陈斯葺平时有多沉稳冷酷,现在看起来就有多疯魔,眼球彻底变得猩红,额间鼓动的青筋条条爆起,勉强被压在纤薄苍白的肌肤下无法挣脱。
鼻腔里猛地被橙花香气占满,他完全无法自控地将脸靠近气味的源头,沈昭安静坐在一把软皮椅上,修长的双腿随意交叠,腿上的肌理透出玉质的冷白感,昏暗的阁楼里,显得过分的白。
少年人的欲望猛烈,体内的瘾在那股浓烈的香气中不断催化,让他变成完全受天性驱使的野兽,乖顺地伏下身体膝行到那处晃眼的白色腿肉旁。
陈斯葺感觉脑袋有些晕眩感,头脑已经不清醒,恍惚间他好像触碰到沈昭柔软的身体,他依恋地枕在她腿上,用体表裸露的肌肤来给自己降温,也真的感觉到凉快,所以发出舒服的喟叹声。
安静封闭的房间里,他这声喘息异常明显,有种让人面红耳赤的暧昧感。
沈昭在陈斯葺药瘾发作后就从身上取下一把提前藏好的短刀,随意放在那张还堆放着针管的小桌上,冷兵器的光泽在其中并不显眼。
随后淡然地坐着,另一处恼人的灼热没有侵染她半分,沈昭连那双腿交叠的角度都没偏移半分。
她冷眼看着在另一边座椅上乱蹭的人,看对方是如何将那把椅子当成自己释放那污秽恶心的欲望。
还好等的人很快来了,没有让这种脏眼睛的画面持续太久。
耳边响起一串细微从门外传来的脚步声时,沈昭伸腿用鞋尖勾住跪伏在地上那人后背翘起的衣摆,用力将人往后一带,让没防备的高大男性轻易栽倒在她脚边。
后背和后脑勺传来的疼痛让陈斯葺短暂清醒过来,躺在木地板上仰视着他的神明。
昏暗的房间里只有高处一扇小窗透进光线,在空气中散开,四处飞舞的灰尘,还有那双平静注视自己的深色瞳仁,都被陈斯葺的视网膜清楚拓印下来。
而后像从那份注视中得到什么应允的信号一般,他缓慢坐起身,右手手掌放在沈昭垂落在椅子左侧的衣摆上。
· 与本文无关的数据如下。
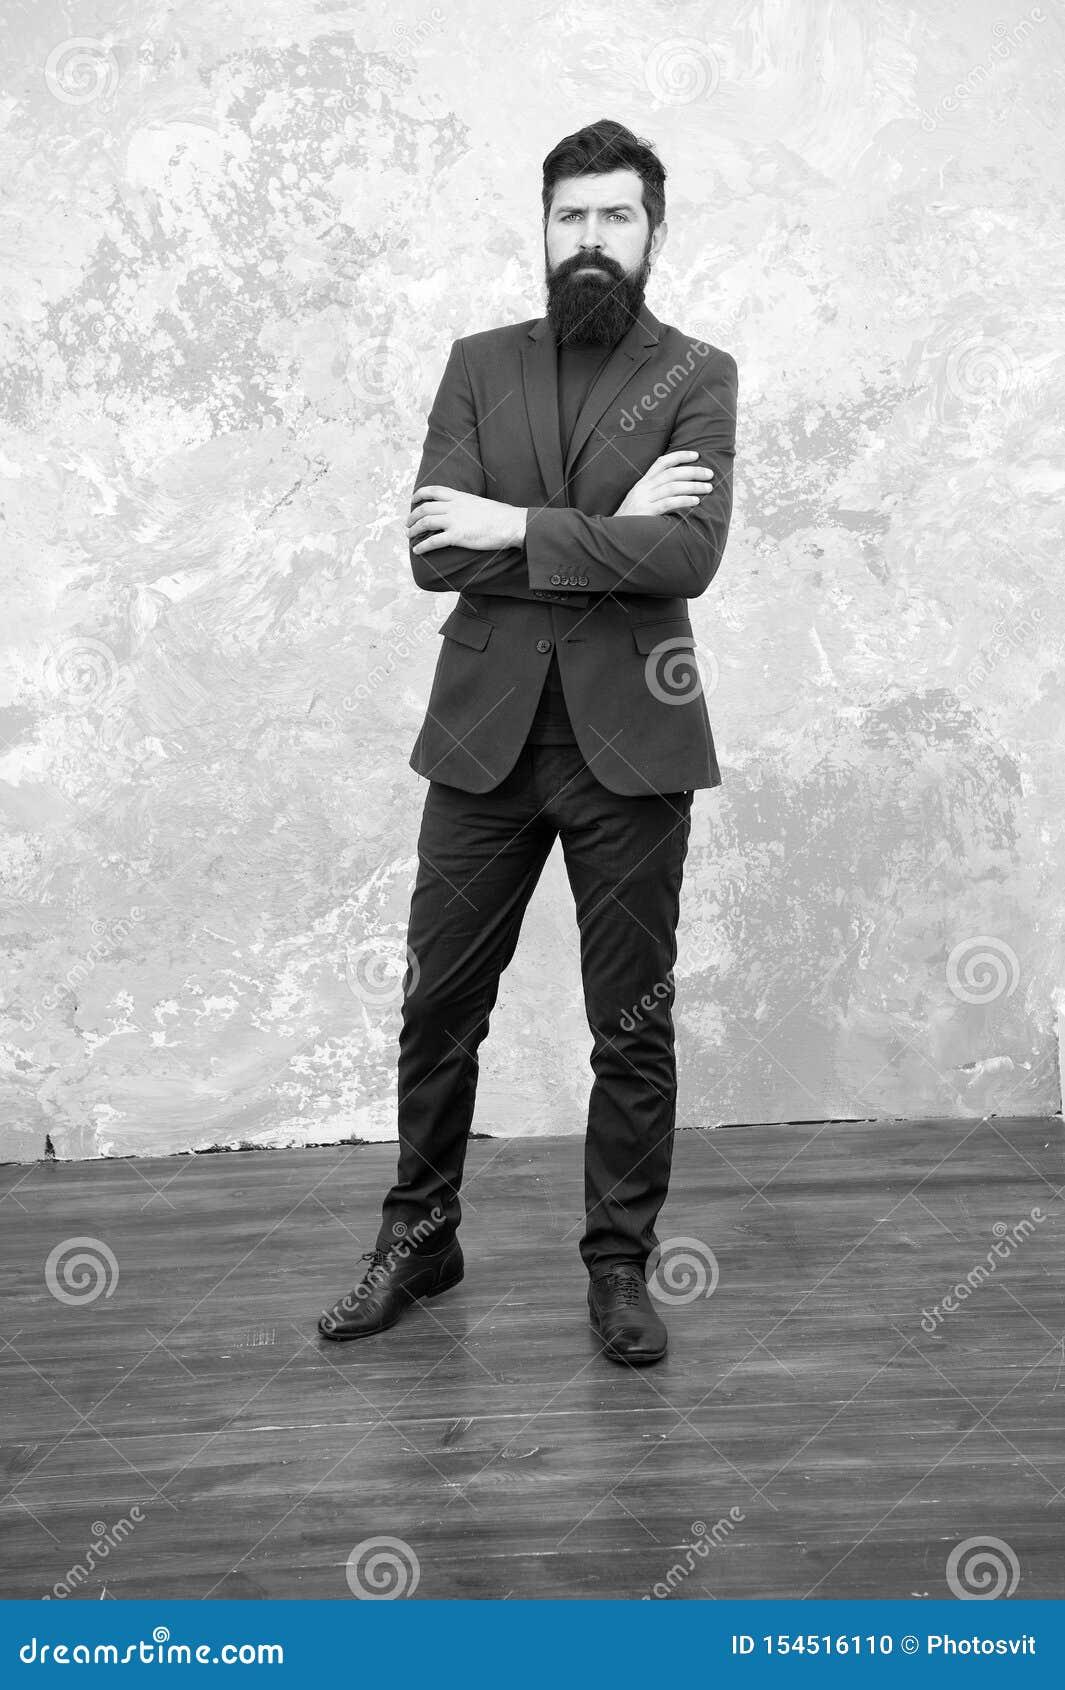 Equipamento formal Tome bom do terno Eleg?ncia e estilo masculino Fundo cinzento do equipamento elegante do homem de neg?cios ou

胆怯又眷恋地抚摸着硬挺的布料,把它假想成是女人真正的那层皮肤。
手指轻柔地顺着衣摆向上,滑过一处又一处的褶皱,最后停在椅面的位置。
衣服从那处收束,贴在沈昭的身体上,如果他还想继续向上就势必会隔着衣服触碰到她的皮肉。
光是在脑海中闪过这幅画面,陈斯葺都止不住的兴奋,毕竟欲望好像只有在即将被满足的前一秒最美妙。
这股无法自控的快感重新点燃体内被勉强压下的痒意,让他继续手中的动作,像个渴望得到救赎的信徒,祈求眼前他信奉的神明伸出援手。
沈昭深黑的睫羽微微颤动,看他这副痴态莫名生出点火气。
一个用药物获得灵感的“天才”还能在外面获得无数人的喜爱,被处处吹捧。
就因为他的粉丝,所有被他伤害过的人连发声都成了种罪过,这群人塑造陈斯葺完美无缺的金身,任何试图破坏这场造神行动的人都会遭受无休止的暴力伤害,受害者本人或是他们的家人、亲戚、邻居、朋友先被网络猎巫,再被现实骚扰,直到彻底无法冒头的时候,才被放过。
即便陈斯葺自己下手远不如孟沅狠,也不如江绪阴,但他的影响力实在可怖,那种畸形的粉丝群体完全转变为他手中一柄有形的利刃。
因此,他的恶劣程度在某些方面上给受害者带来的影响比其他几人更为严重。
还好舆论是把双刃剑,就看执剑者怎么利用。
沈昭短暂的思考被拧动门锁的“咔哒”声打断。
厚重的门板被推开,室内光线没有明显变化,进来的人像一团灰黑模糊的影子。
沈昭腿侧跪伏的男孩在她无声的纵容下,右手几乎要贴在她的小腹上面,左手掐在她小腿上,隔着长至膝盖的硬皮靴也没敢更用力,只是虚虚握住。
但落在刚进门的那人眼中,就没有陈斯葺自己认为的纯洁了。
暗室,男女,一坐一跪,摆放位置引人遐想的双手。
任谁看来,都像马上要上演什么不可言说的隐秘桥段一样。
门口的人在看清室内情况的下一秒,身体就迅速飞扑过去,朝着椅子,但对准的是地板上的陈斯葺。
突然发生的变故让他的手没能真的贴到沈昭腹部的软肉上,就被突然的撞击冲开,整个人顺着地板滑动,直到后背“砰”的一声撞上坚硬的墙面才停下。
药物让他的反应变得迟缓,不然在对方刚进门的时候,陈斯葺就该意识到了。
五感像被笼上一层纱布,感知的功能存在,但灵敏程度大大降低,导致他现在只能狼狈地倚坐在墙边。
还是有好处的,他被人冲撞的前胸和磕在墙壁上的背脊都只是酥麻,痛感微乎其微。
陈斯葺抬起手臂将额前因为剧烈动作而滑落的碎发重新捋回脑后,线条尖锐的狭长眼眸微眯着,眼珠倒映出来的画面让他不爽地轻啧一声。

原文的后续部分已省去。